Cronología de la historia

La reforma catolica

La reforma catolica

La Reforma católica fue la contrafuerza intelectual del protestantismo. El deseo de reforma dentro de la Iglesia Católica había comenzado antes de la expansión de Lutero. Muchos católicos educados habían querido un cambio, por ejemplo, Erasmo y el mismo Lutero, y estaban dispuestos a reconocer las fallas dentro del papado.

Durante el Cl5, la sociedad estaba cambiando. El Renacimiento enseñó a las personas a cuestionar y desafiar la norma. La jerarquía de la Iglesia Católica no cambió con ella y la organización de la Iglesia parecía anticuada. Otros habían tratado de presentar la doctrina católica.

En el Cl3, Santo Tomás Aquino publicó "Summa Theologica" - una fusión de creencias cristianas y filosofía aristotélica. Él veía al hombre como esencialmente racional y capaz de ver lo correcto de lo incorrecto. El hombre podía dirigir un curso hacia la salvación, pero necesitaba la guía de la Iglesia y el estado. Santo Tomás era optimista sobre el hombre. Sus creencias eran conocidas como tomismo. En el C16, el tomismo seguía siendo una filosofía fuerte. El cardenal Cajetan, el oponente de Lutero en Augsburgo en 1518, afirmó que el tomismo todavía era relevante para la sociedad y el tomismo hizo una fuerte contribución a la Reforma católica.

Pero las creencias agustinianas seguían siendo fuertes y vivas en los centros de aprendizaje católicos. San Agustín creía lo contrario a Santo Tomás; Afirmó que el hombre era corrupto y falible. Las creencias de Agustín tuvieron un gran impacto en Lutero.

Francisco de Suárez y Luis de Molin (ambos jesuitas) trataron de cerrar la brecha entre el tomismo y el agustinismo al afirmar que el hombre tenía libertad de elección, pero que en última instancia Dios era omnipotente.

Algunos reformadores católicos también fueron influenciados por el misticismo medieval tardío como el Maestro Eckhardt y Thomas a Kempis. En Francia, Lefèvre d'Etaples publicó traducciones de los escritores místicos. El jesuita holandés Peter Canisius fue muy influenciado por los místicos. Fundó colegios jesuitas en toda Alemania.

Muchas viejas órdenes monásticas se habían hundido a niveles de estándares inaceptables. Sin embargo, algunos habían hecho el esfuerzo (como los cartujos) para mantener estándares muy altos de disciplina y aprendizaje. Los observadores observaron la rigurosidad original y la pobreza de los dominicanos y franciscanos. Los observadores lucharon con los conventuales que deseaban ver las cosas tal como estaban.

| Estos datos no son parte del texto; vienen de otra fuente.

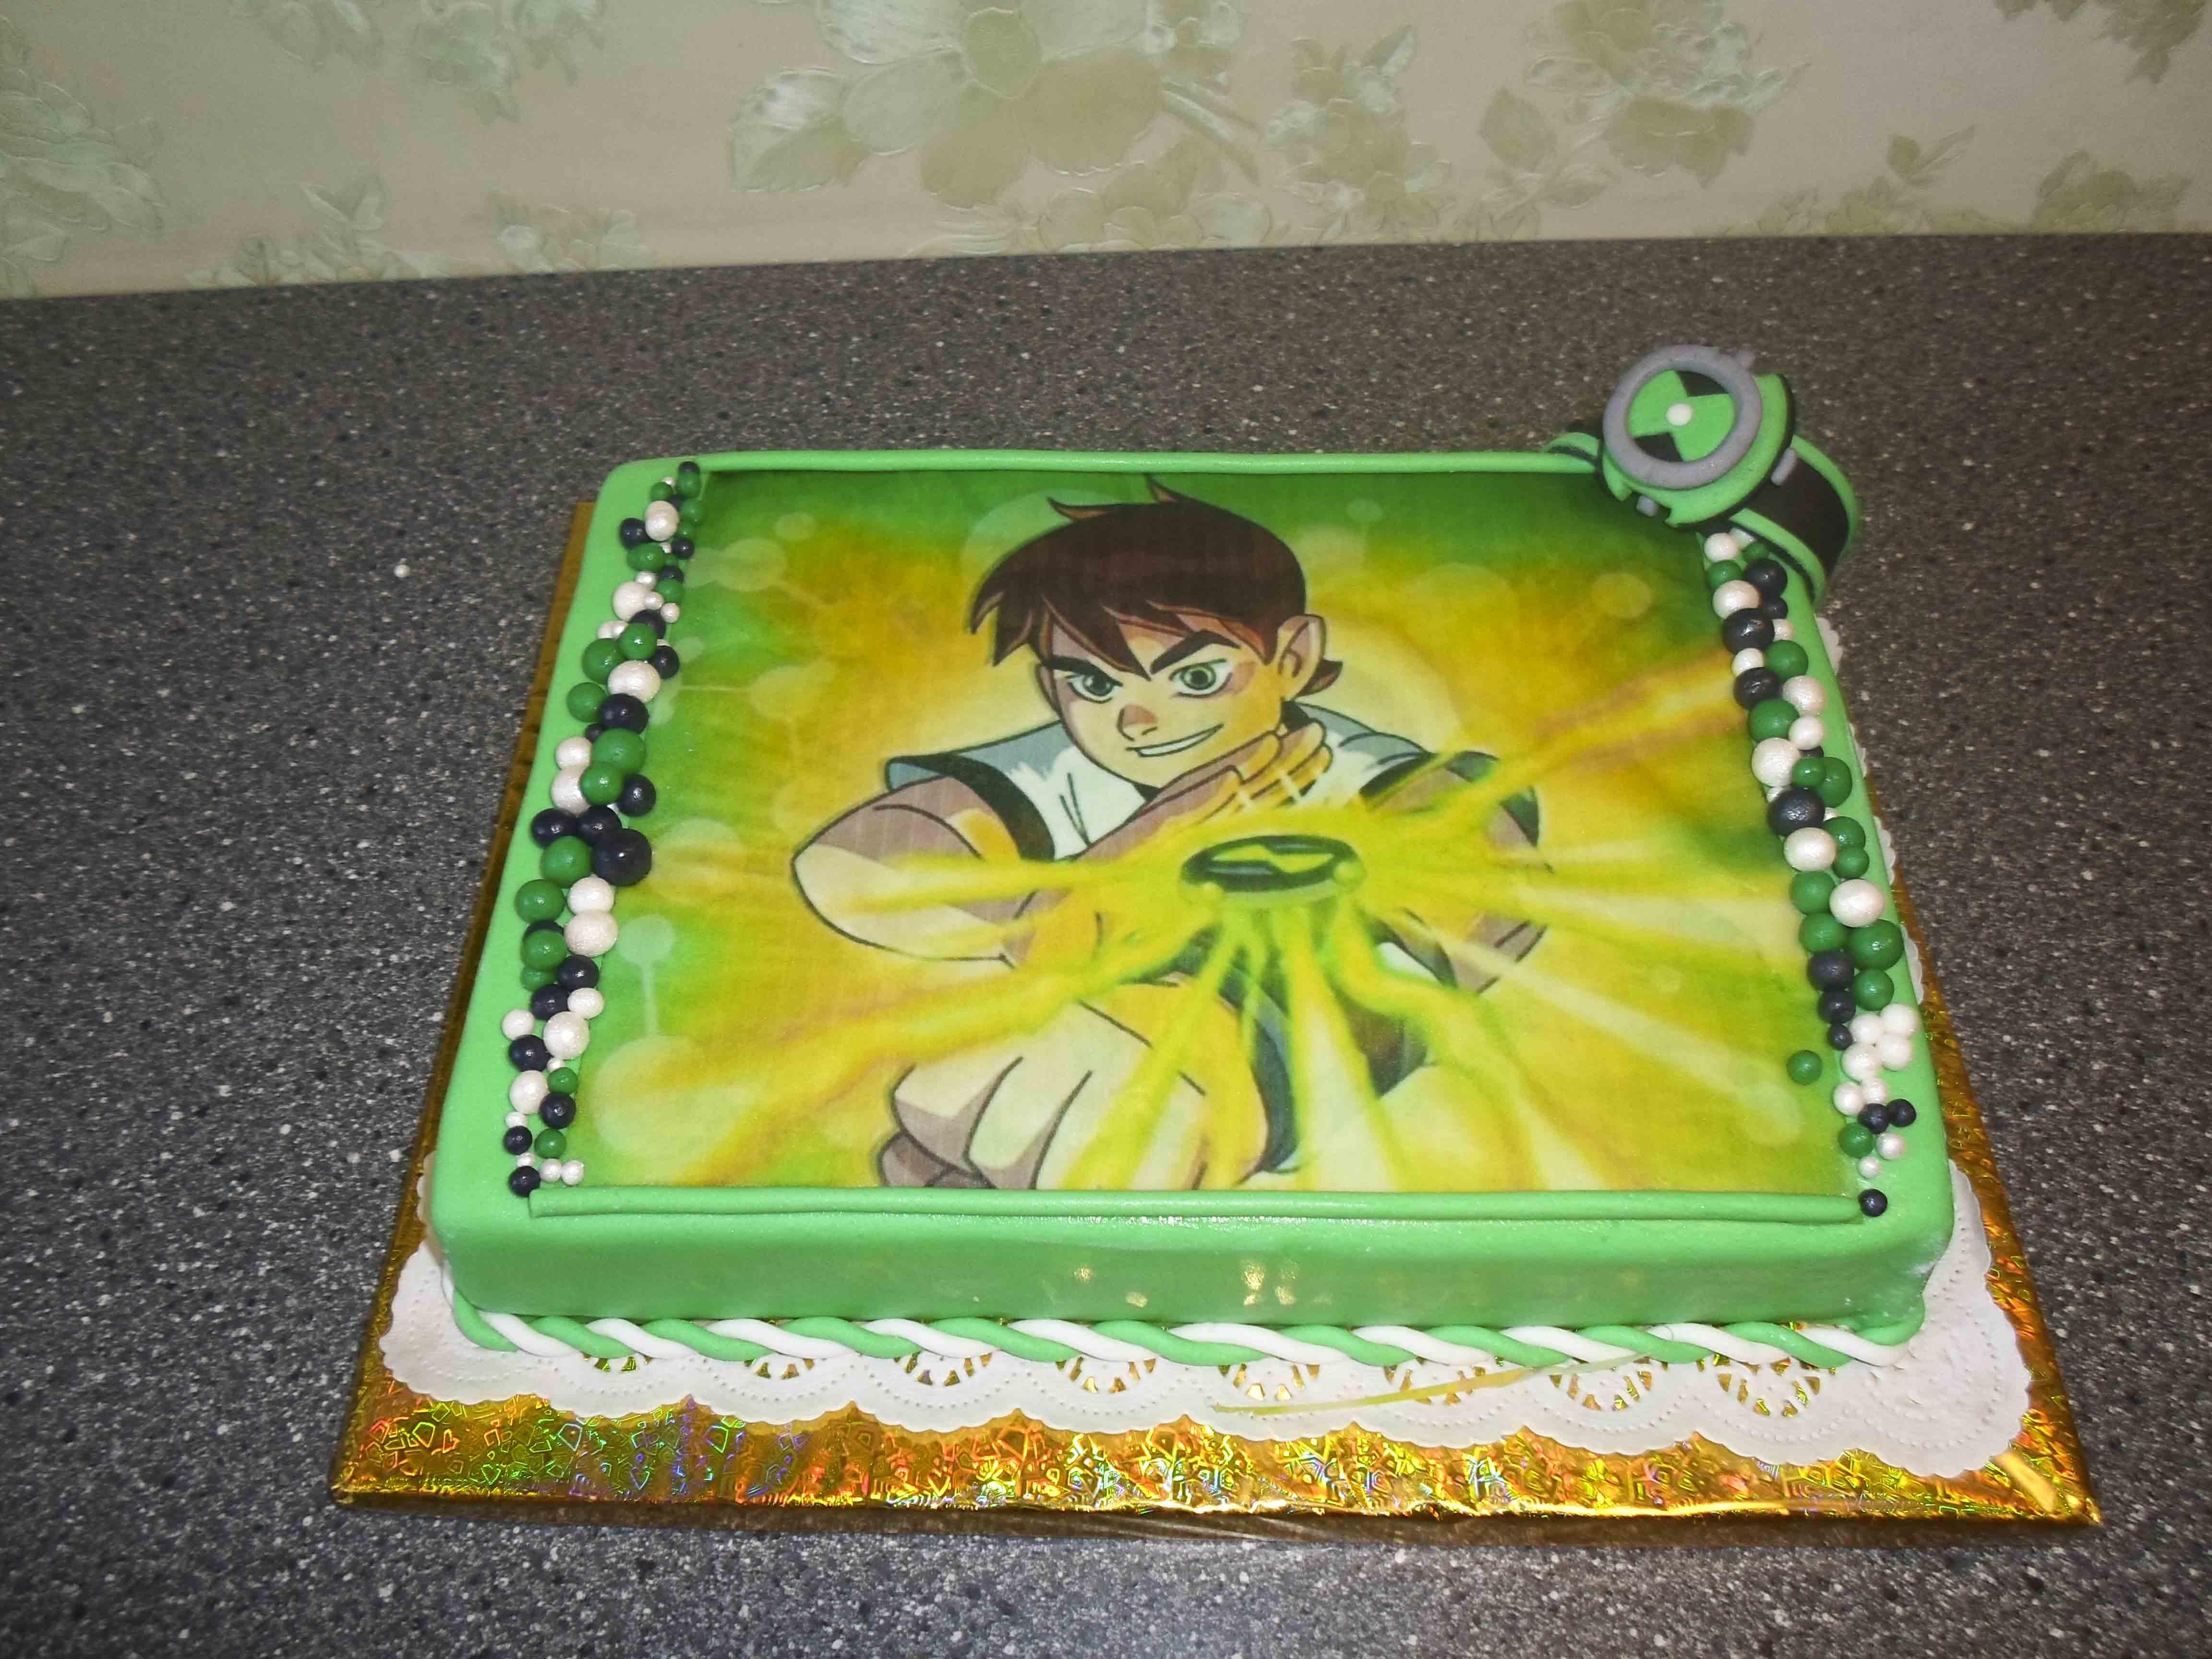 очень сахарные картинки для тортов как использовать меня накопилось много

La Reforma Católica se basó en individuos. El cardenal Ximenes de España endureció la disciplina clerical y alentó la beca en escuelas y universidades.

Matteo Giberti fue uno de los primeros miembros del Oratorio del Amor Divino fundado en Roma en 1517 para fomentar las buenas obras en la vida cotidiana. También fue secretario de Clemente VII.

Gian Pietro Caraffa (más tarde Pablo IV) ayudó a encontrar los teatinos en 1524, una orden de sacerdotes que trabajaban dentro de la comunidad pero que vivían en austeridad monástica.

Estos eran hombres de gran intelecto y pensamiento que nunca vacilaron en la adhesión a la Iglesia Católica. Todos los hombres anteriores querían una religión más espiritual y menos mundana.

Entre 1520 y 1530, había muchos puntos en común entre los protestantes y los católicos. Pero se hizo hincapié en las diferencias, no en las similitudes. Para 1550, la brecha era insalvable y, a medida que se ampliaba, la política de la Iglesia Católica era cada vez más agresiva.

En 1545, el Concilio de Trento hizo todo lo posible para resaltar las diferencias y el agustinismo se rechazó de inmediato porque estaba demasiado cerca de la "creencia protestante".

La Reforma Católica tuvo un gran atractivo generalizado para los intelectos. La Contrarreforma no lo hizo.